> **Stored data**
--- START ---

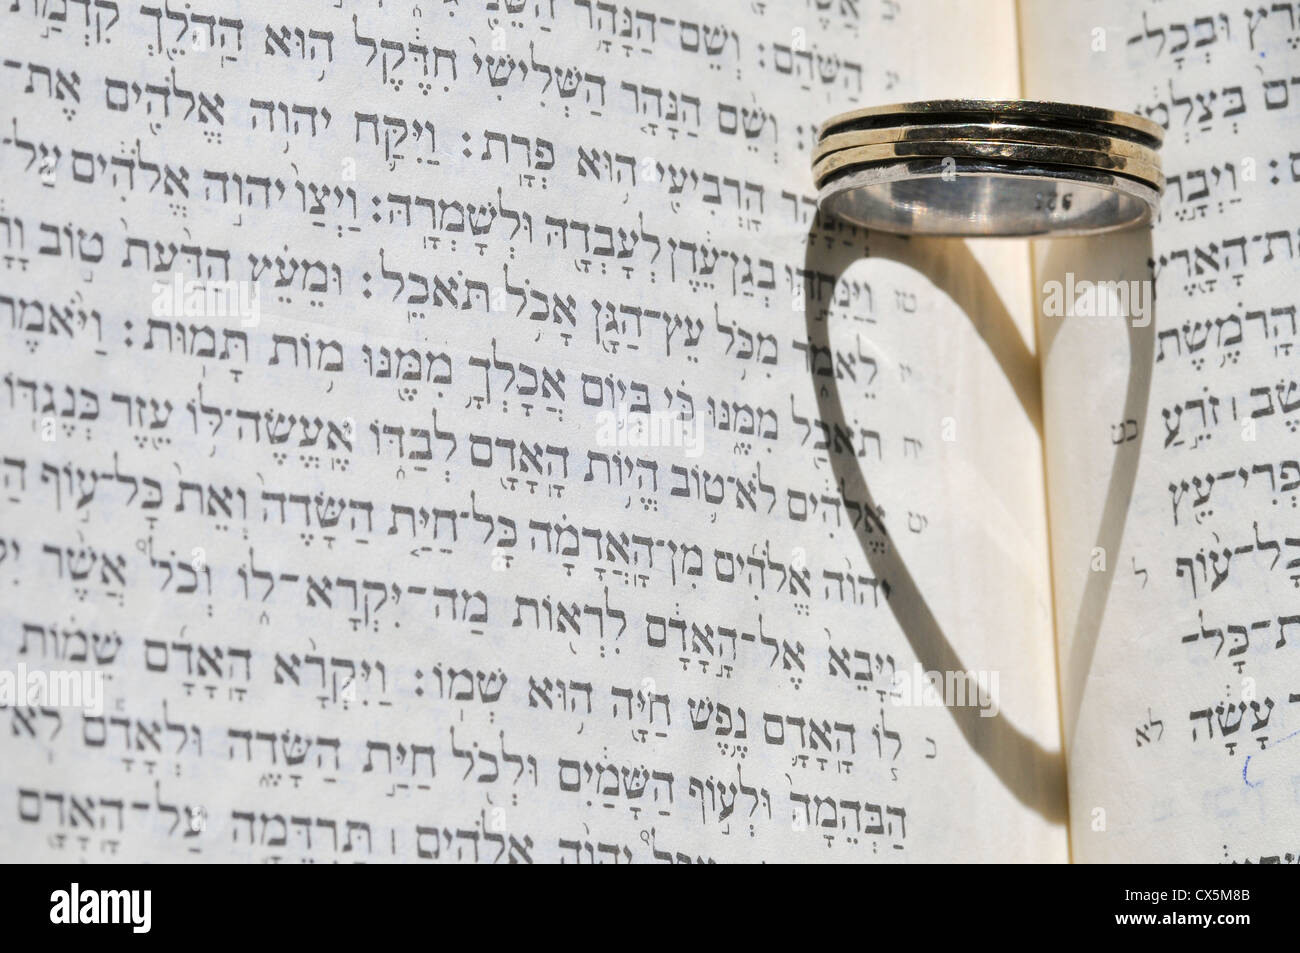 Ebraico il concetto di matrimonio anello di nozze sul testo ebraico (Ketubah) Foto Stock
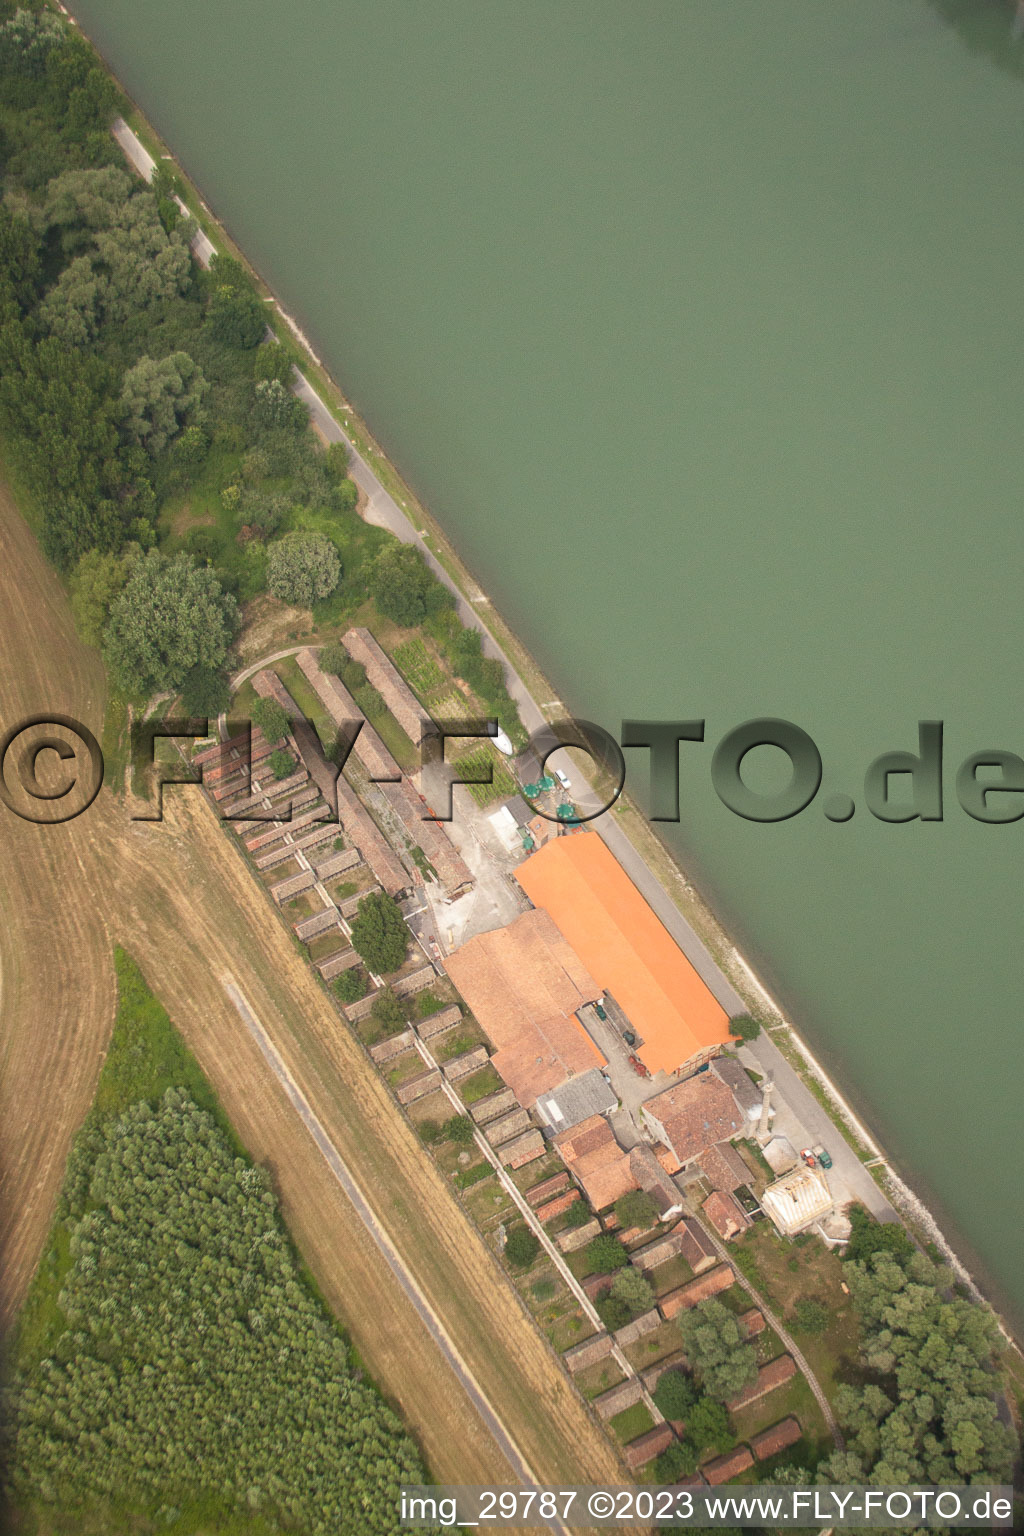 Vue aérienne de Vieille briqueterie à le quartier Sondernheim in Germersheim dans le département Rhénanie-Palatinat, Allemagne
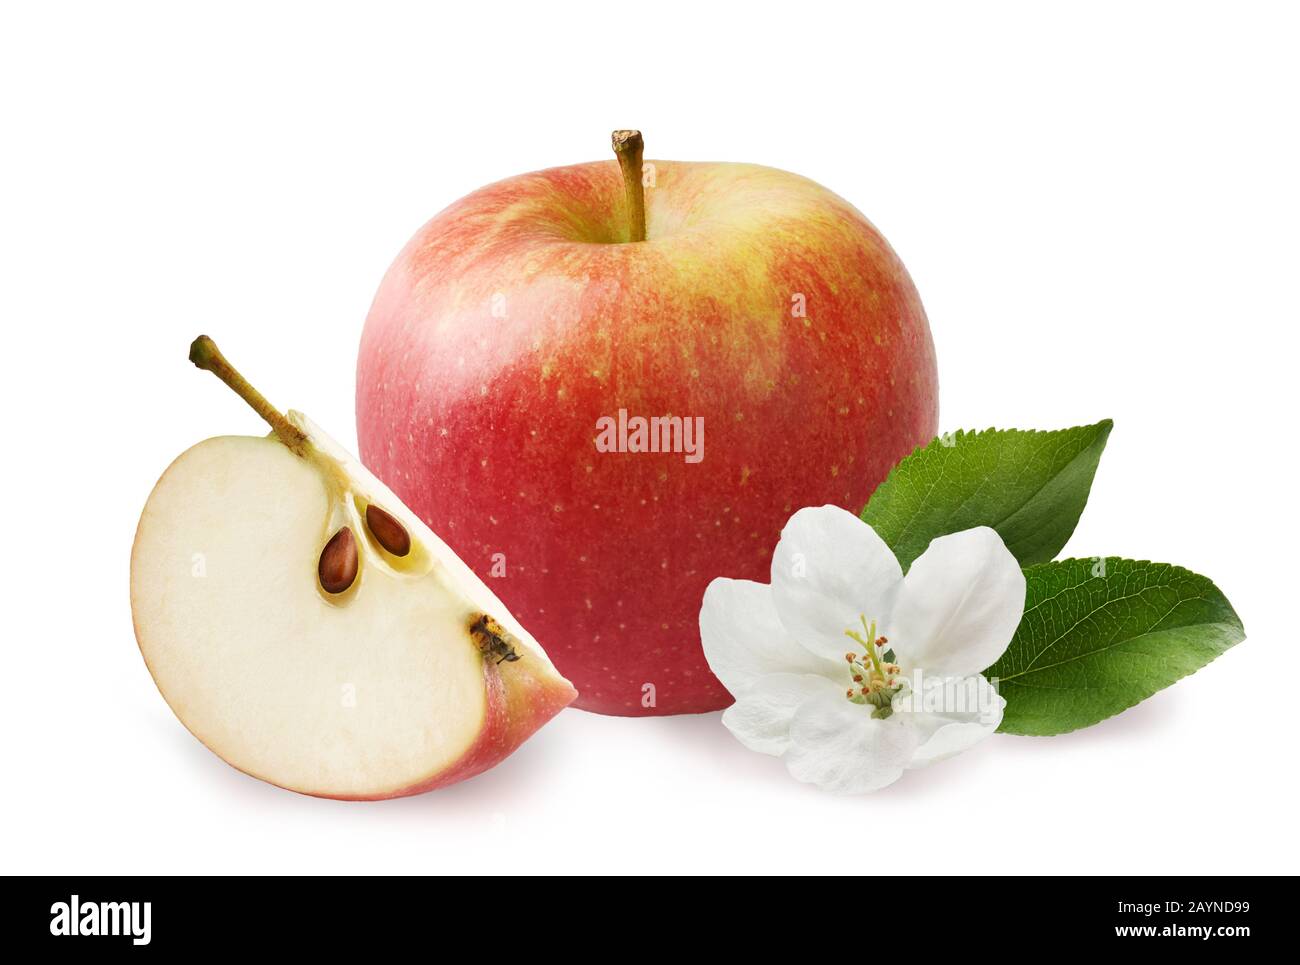 Apfel mit Scheiben- und apfelblättern, apfelblume isoliert auf weißem Grund. Stockfoto

--- END ---

> **What the task asks**
Give back the full listing exactly as written, only without its pictures.

> **Written reply**
 Ebraico il concetto di matrimonio anello di nozze sul testo ebraico (Ketubah) Foto Stock
 Vue aérienne de Vieille briqueterie à le quartier Sondernheim in Germersheim dans le département Rhénanie-Palatinat, Allemagne
 Apfel mit Scheiben- und apfelblättern, apfelblume isoliert auf weißem Grund. Stockfoto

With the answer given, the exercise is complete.